▶ [DATA EXTRACT]:
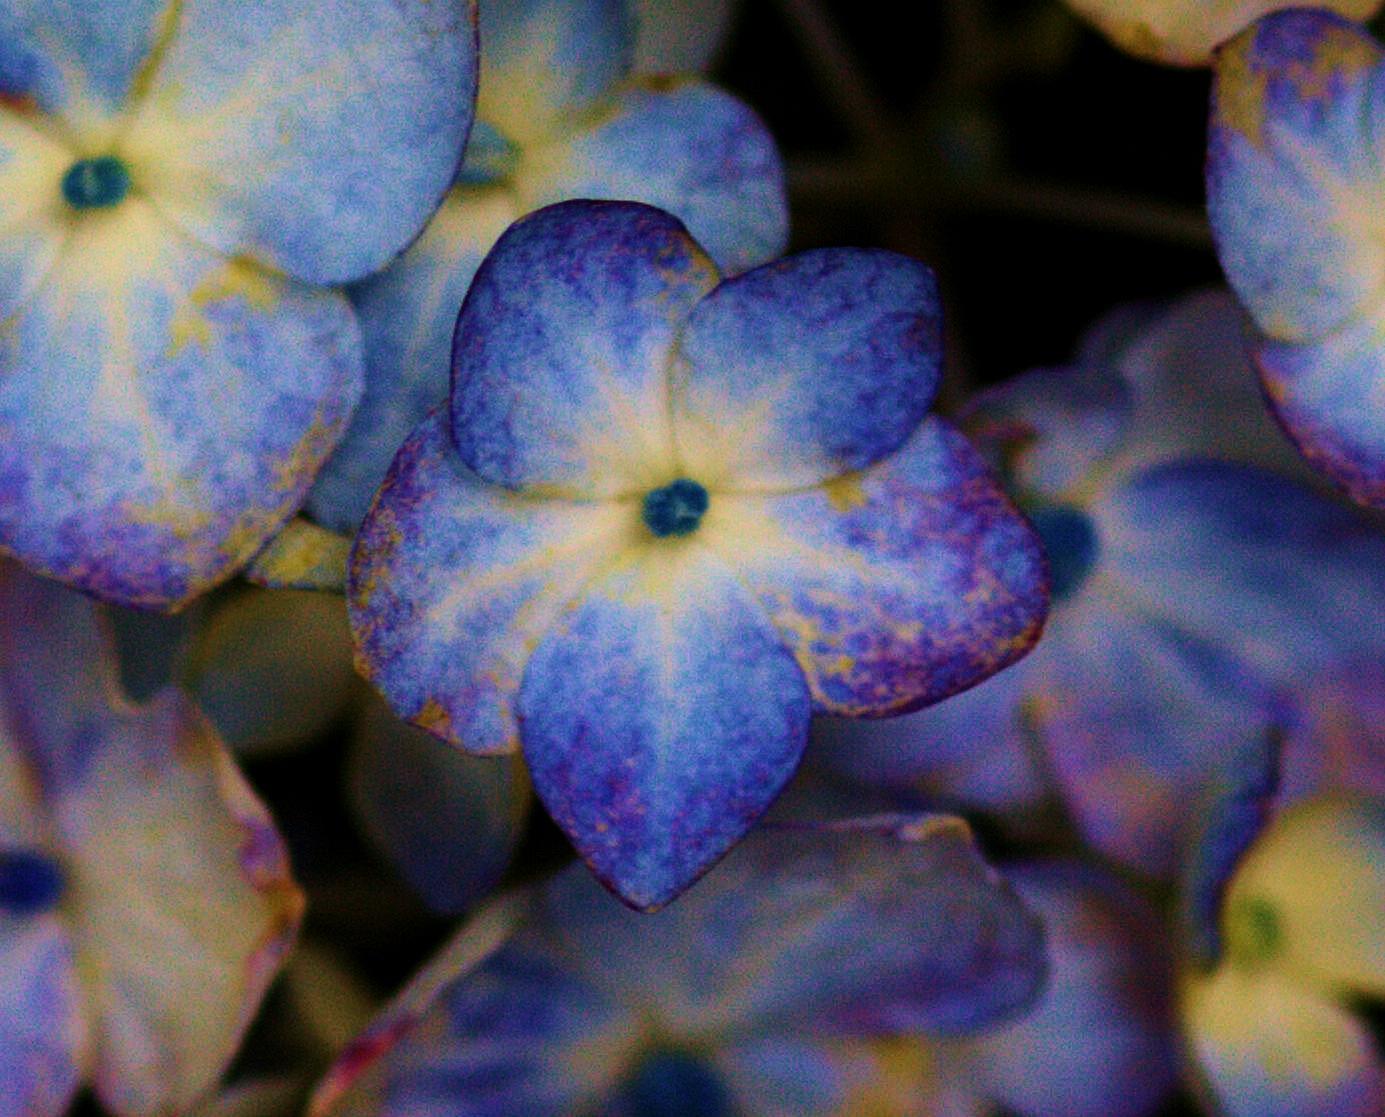 Small Blue Hydrangea Flower by jdwines
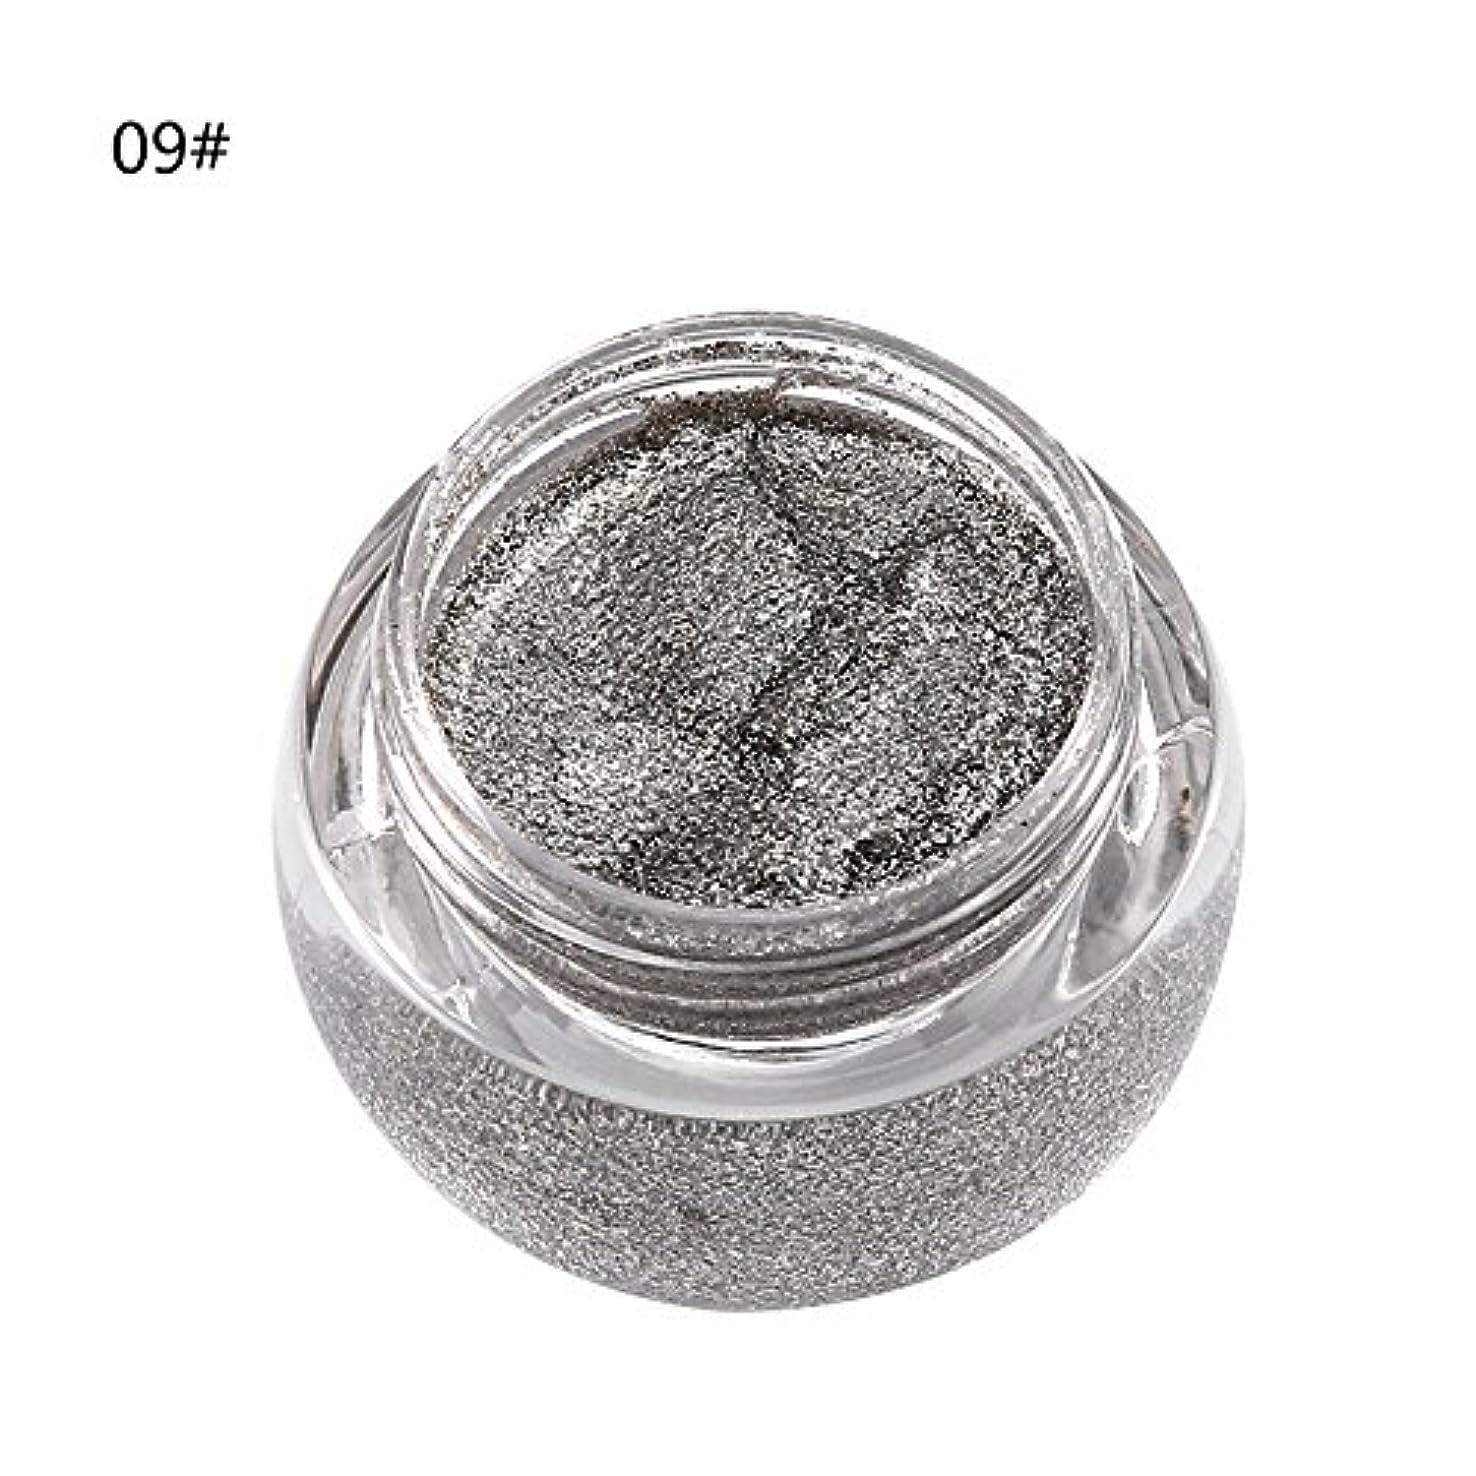 タイト測定可能惨めなアイシャドウ 単色 化粧品 光沢 保湿 キラキラ 美しい タイプ 09
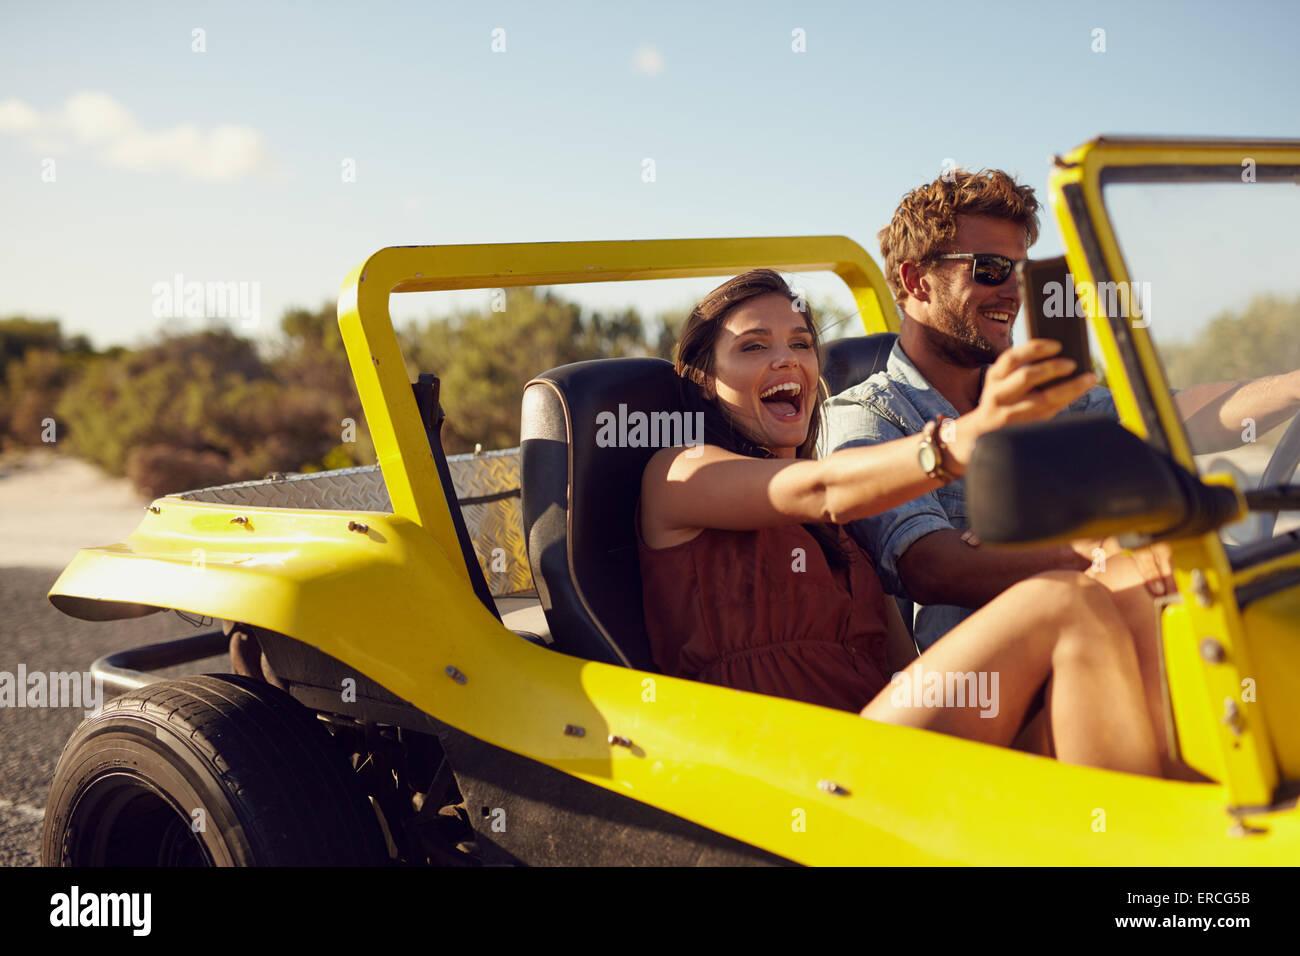 Heureux heureux couple enjoying road trip dans leur voiture. Homme conduisant la jeune femme en prenant une voiture Photo Stock
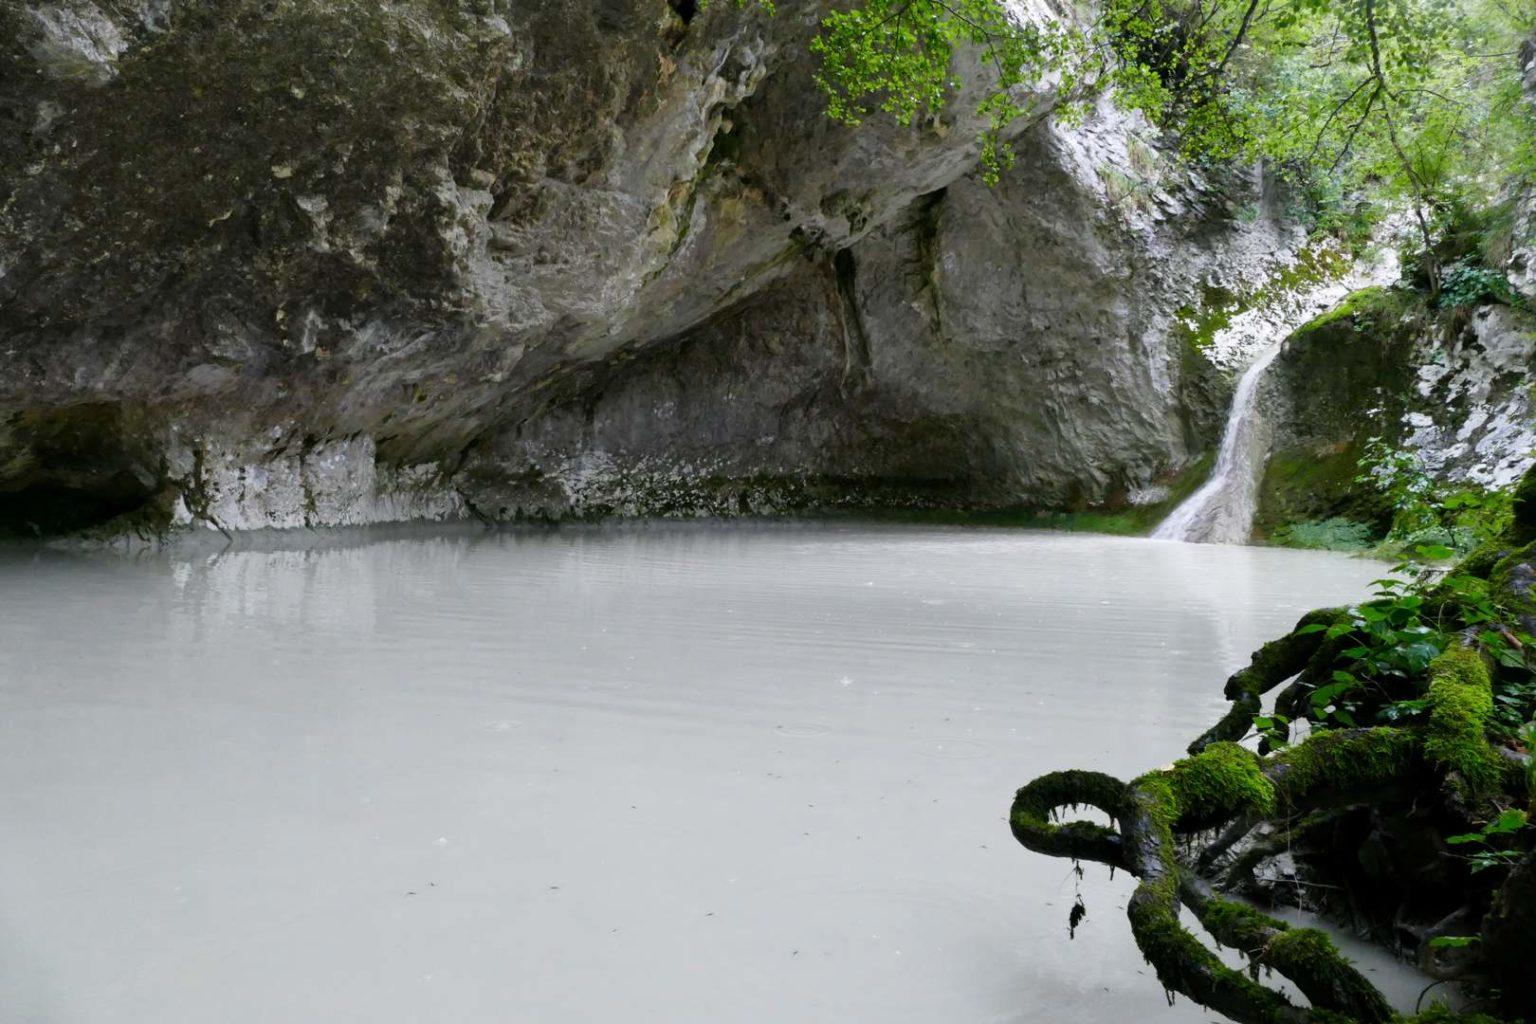 Wasserfall Mala Pec
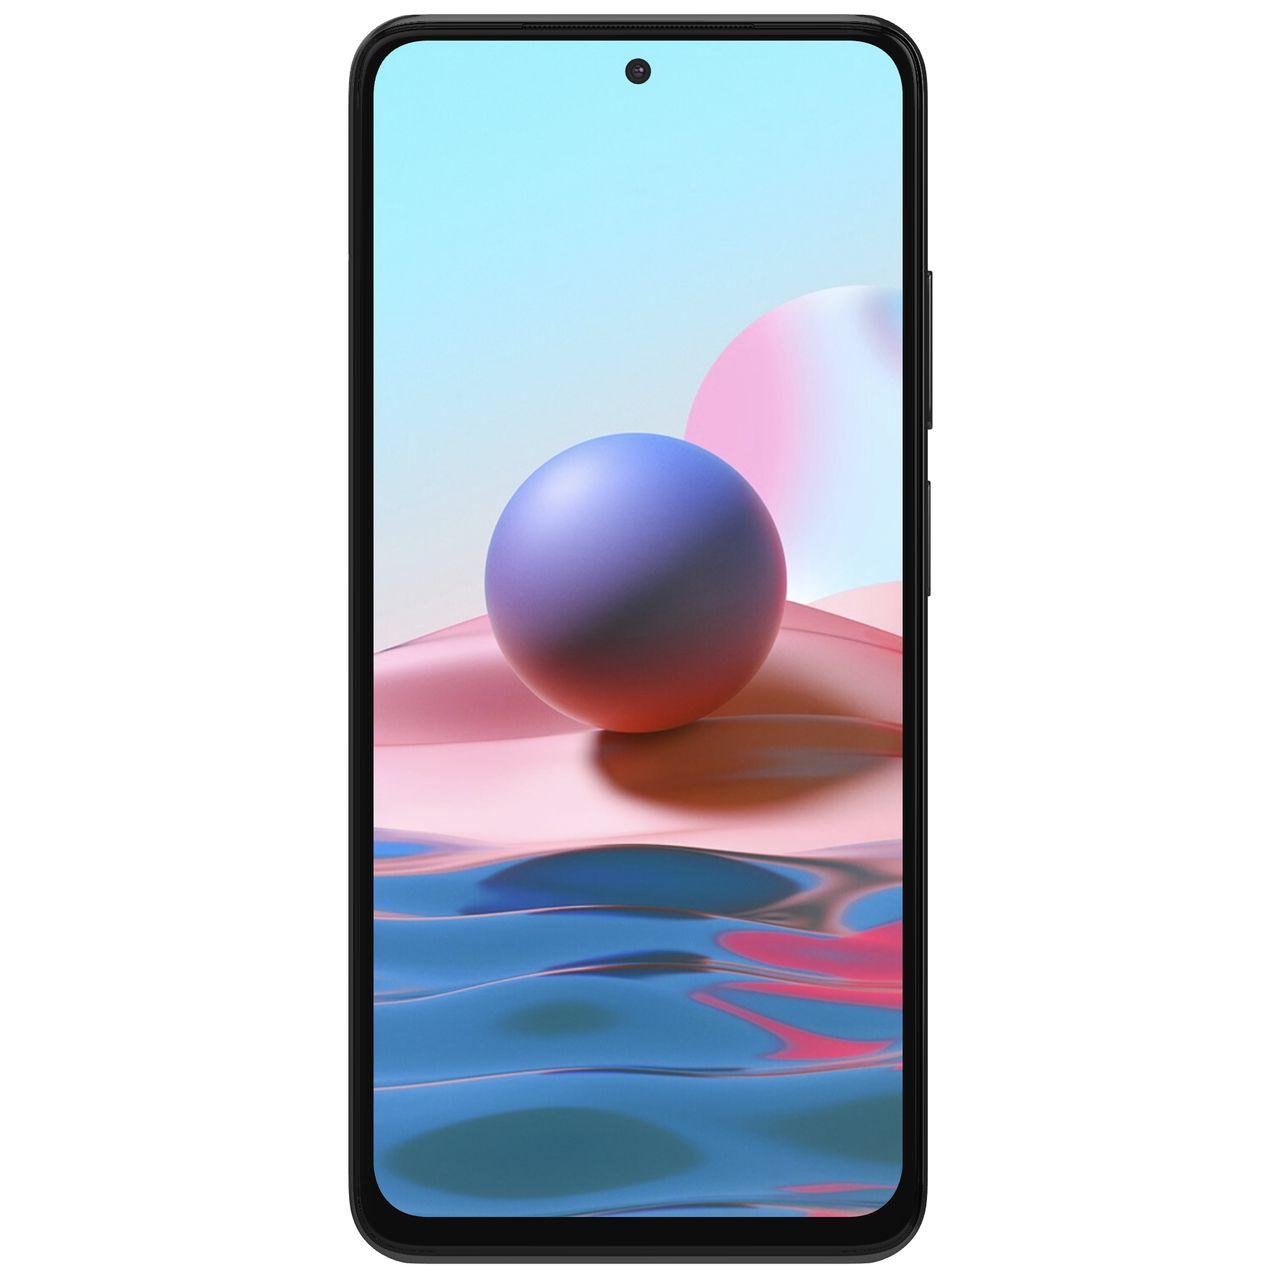 گوشی موبایل شیائومی مدل Redmi Note 10 M2101K7AG دو سیم کارت ظرفیت ۶۴ گیگابایت و رم ۴ گیگابایت

▶ [HOW TO COMPLETE THIS TASK]:
Lines from the one holding "Heureux heureux couple" down to the last line of the entries above must be retyped exactly, inclusive of both, with no pictures and nothing else.

▶ [ANSWER FOR THE TASK]:
 Heureux heureux couple enjoying road trip dans leur voiture. Homme conduisant la jeune femme en prenant une voiture Photo Stock
 Wasserfall Mala Pec
 گوشی موبایل شیائومی مدل Redmi Note 10 M2101K7AG دو سیم کارت ظرفیت ۶۴ گیگابایت و رم ۴ گیگابایت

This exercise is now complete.